● What to work on
In the material below, the required lines run from the one containing "A collage of" through the one containing "Eaton NFXF25A0-2 Eaton". Copy those lines exactly, ends included, and nothing else.

● Dataset content
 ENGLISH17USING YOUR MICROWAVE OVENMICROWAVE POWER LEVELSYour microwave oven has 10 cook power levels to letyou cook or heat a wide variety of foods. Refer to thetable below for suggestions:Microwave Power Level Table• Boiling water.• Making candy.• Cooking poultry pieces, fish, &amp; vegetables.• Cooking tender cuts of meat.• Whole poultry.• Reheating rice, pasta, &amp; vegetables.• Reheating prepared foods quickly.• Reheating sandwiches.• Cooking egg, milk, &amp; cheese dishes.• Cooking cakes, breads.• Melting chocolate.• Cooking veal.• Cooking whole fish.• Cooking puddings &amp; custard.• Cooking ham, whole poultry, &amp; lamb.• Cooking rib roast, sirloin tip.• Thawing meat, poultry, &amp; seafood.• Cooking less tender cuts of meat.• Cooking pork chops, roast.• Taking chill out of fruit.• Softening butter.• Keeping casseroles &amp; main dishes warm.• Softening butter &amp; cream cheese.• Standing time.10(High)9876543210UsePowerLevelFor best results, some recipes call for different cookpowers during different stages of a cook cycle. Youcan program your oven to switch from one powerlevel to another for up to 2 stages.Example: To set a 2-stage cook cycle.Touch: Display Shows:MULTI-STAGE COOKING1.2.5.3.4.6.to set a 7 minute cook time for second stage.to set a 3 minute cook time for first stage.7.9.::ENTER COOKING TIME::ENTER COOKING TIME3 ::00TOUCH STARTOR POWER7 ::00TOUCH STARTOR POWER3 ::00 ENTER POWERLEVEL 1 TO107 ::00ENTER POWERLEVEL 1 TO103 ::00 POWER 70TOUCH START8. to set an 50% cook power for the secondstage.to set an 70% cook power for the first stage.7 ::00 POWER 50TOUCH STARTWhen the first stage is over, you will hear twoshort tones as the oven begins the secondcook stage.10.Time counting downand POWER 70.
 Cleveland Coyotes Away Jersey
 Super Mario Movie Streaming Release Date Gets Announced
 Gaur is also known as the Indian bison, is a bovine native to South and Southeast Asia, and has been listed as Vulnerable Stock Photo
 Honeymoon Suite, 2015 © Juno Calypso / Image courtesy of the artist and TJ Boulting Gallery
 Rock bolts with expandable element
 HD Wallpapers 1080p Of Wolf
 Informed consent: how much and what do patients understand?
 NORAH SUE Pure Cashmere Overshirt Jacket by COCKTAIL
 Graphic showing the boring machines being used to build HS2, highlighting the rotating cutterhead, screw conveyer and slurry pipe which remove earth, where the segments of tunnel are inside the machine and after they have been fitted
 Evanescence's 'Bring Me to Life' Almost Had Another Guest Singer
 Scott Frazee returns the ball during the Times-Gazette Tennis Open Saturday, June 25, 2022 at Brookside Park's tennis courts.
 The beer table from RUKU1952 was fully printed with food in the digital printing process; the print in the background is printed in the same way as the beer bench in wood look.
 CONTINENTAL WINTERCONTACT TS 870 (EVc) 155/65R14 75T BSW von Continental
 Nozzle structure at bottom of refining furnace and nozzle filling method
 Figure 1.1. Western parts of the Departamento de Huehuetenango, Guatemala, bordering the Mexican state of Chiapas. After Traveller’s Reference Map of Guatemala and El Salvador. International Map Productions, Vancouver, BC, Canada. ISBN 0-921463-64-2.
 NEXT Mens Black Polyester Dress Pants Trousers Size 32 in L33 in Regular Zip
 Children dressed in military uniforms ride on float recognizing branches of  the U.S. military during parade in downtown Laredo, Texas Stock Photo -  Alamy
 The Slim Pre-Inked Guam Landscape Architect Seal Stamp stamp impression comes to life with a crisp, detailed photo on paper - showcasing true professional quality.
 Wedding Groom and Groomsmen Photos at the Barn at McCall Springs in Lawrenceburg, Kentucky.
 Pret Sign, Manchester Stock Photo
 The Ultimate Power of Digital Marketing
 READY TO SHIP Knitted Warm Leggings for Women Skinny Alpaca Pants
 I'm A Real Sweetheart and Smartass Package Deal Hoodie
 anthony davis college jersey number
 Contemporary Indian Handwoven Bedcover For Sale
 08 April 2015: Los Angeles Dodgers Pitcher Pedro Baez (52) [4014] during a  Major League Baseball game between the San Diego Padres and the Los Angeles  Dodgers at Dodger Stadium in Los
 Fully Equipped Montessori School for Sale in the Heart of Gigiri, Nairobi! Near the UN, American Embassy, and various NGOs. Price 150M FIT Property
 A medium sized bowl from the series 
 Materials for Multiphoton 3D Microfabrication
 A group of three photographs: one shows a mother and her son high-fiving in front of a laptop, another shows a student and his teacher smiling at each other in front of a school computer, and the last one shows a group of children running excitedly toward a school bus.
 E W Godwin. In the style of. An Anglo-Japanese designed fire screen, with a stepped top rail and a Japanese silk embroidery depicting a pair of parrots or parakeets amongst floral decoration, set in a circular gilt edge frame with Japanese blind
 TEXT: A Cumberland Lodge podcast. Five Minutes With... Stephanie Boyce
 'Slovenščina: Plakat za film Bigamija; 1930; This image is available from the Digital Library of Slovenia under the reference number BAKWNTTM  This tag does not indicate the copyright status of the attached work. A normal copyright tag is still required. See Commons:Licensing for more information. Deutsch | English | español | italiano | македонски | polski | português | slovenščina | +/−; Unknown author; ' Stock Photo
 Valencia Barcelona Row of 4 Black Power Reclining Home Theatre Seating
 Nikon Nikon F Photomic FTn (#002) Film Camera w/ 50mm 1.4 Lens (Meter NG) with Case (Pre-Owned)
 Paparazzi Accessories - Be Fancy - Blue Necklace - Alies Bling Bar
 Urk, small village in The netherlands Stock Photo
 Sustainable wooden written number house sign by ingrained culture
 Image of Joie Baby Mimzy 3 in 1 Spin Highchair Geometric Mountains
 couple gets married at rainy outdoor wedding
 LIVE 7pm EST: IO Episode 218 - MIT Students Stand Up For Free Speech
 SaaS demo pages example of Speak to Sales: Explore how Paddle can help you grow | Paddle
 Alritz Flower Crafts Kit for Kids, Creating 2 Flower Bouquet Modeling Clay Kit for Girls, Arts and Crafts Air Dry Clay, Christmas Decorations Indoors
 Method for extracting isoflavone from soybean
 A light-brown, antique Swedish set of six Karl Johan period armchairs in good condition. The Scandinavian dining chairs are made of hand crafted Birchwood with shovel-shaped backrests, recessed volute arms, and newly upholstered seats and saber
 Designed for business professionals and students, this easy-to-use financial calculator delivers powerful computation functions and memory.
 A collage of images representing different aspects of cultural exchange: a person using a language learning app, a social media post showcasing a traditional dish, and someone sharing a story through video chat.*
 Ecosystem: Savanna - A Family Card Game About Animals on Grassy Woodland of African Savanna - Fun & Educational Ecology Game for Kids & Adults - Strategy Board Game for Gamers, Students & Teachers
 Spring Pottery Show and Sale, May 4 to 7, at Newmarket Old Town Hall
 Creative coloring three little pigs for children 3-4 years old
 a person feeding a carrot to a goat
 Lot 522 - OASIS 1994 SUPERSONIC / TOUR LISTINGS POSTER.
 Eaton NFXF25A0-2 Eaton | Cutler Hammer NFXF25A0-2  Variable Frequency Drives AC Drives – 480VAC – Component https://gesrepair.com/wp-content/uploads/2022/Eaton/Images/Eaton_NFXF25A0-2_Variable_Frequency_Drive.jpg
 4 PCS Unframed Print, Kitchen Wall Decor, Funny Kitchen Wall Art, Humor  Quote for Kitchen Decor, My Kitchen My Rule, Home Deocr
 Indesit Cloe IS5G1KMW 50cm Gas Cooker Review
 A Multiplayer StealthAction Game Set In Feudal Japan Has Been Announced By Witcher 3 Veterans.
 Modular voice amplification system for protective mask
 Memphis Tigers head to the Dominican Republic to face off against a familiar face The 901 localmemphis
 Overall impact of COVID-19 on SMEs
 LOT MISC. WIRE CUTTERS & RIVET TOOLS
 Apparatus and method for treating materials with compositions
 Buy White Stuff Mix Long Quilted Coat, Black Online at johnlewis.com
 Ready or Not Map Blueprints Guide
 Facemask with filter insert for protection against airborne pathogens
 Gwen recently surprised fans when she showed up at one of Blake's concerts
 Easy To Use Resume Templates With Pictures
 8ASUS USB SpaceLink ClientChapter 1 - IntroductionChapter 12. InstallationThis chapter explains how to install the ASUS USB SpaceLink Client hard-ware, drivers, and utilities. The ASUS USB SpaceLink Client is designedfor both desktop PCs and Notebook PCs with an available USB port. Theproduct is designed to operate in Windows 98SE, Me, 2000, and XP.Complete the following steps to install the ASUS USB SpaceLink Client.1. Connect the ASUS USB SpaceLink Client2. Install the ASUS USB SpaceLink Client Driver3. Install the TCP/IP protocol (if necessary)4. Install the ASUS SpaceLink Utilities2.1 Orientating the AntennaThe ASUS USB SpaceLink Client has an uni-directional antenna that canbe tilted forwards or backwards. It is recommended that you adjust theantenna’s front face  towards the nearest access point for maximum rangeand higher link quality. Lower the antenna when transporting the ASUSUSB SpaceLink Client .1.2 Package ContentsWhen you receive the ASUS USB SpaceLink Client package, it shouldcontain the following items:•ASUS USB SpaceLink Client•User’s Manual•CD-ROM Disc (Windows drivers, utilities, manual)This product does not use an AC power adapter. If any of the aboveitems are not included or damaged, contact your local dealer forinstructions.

● Expected answer
 A collage of images representing different aspects of cultural exchange: a person using a language learning app, a social media post showcasing a traditional dish, and someone sharing a story through video chat.*
 Ecosystem: Savanna - A Family Card Game About Animals on Grassy Woodland of African Savanna - Fun & Educational Ecology Game for Kids & Adults - Strategy Board Game for Gamers, Students & Teachers
 Spring Pottery Show and Sale, May 4 to 7, at Newmarket Old Town Hall
 Creative coloring three little pigs for children 3-4 years old
 a person feeding a carrot to a goat
 Lot 522 - OASIS 1994 SUPERSONIC / TOUR LISTINGS POSTER.
 Eaton NFXF25A0-2 Eaton | Cutler Hammer NFXF25A0-2  Variable Frequency Drives AC Drives – 480VAC – Component https://gesrepair.com/wp-content/uploads/2022/Eaton/Images/Eaton_NFXF25A0-2_Variable_Frequency_Drive.jpg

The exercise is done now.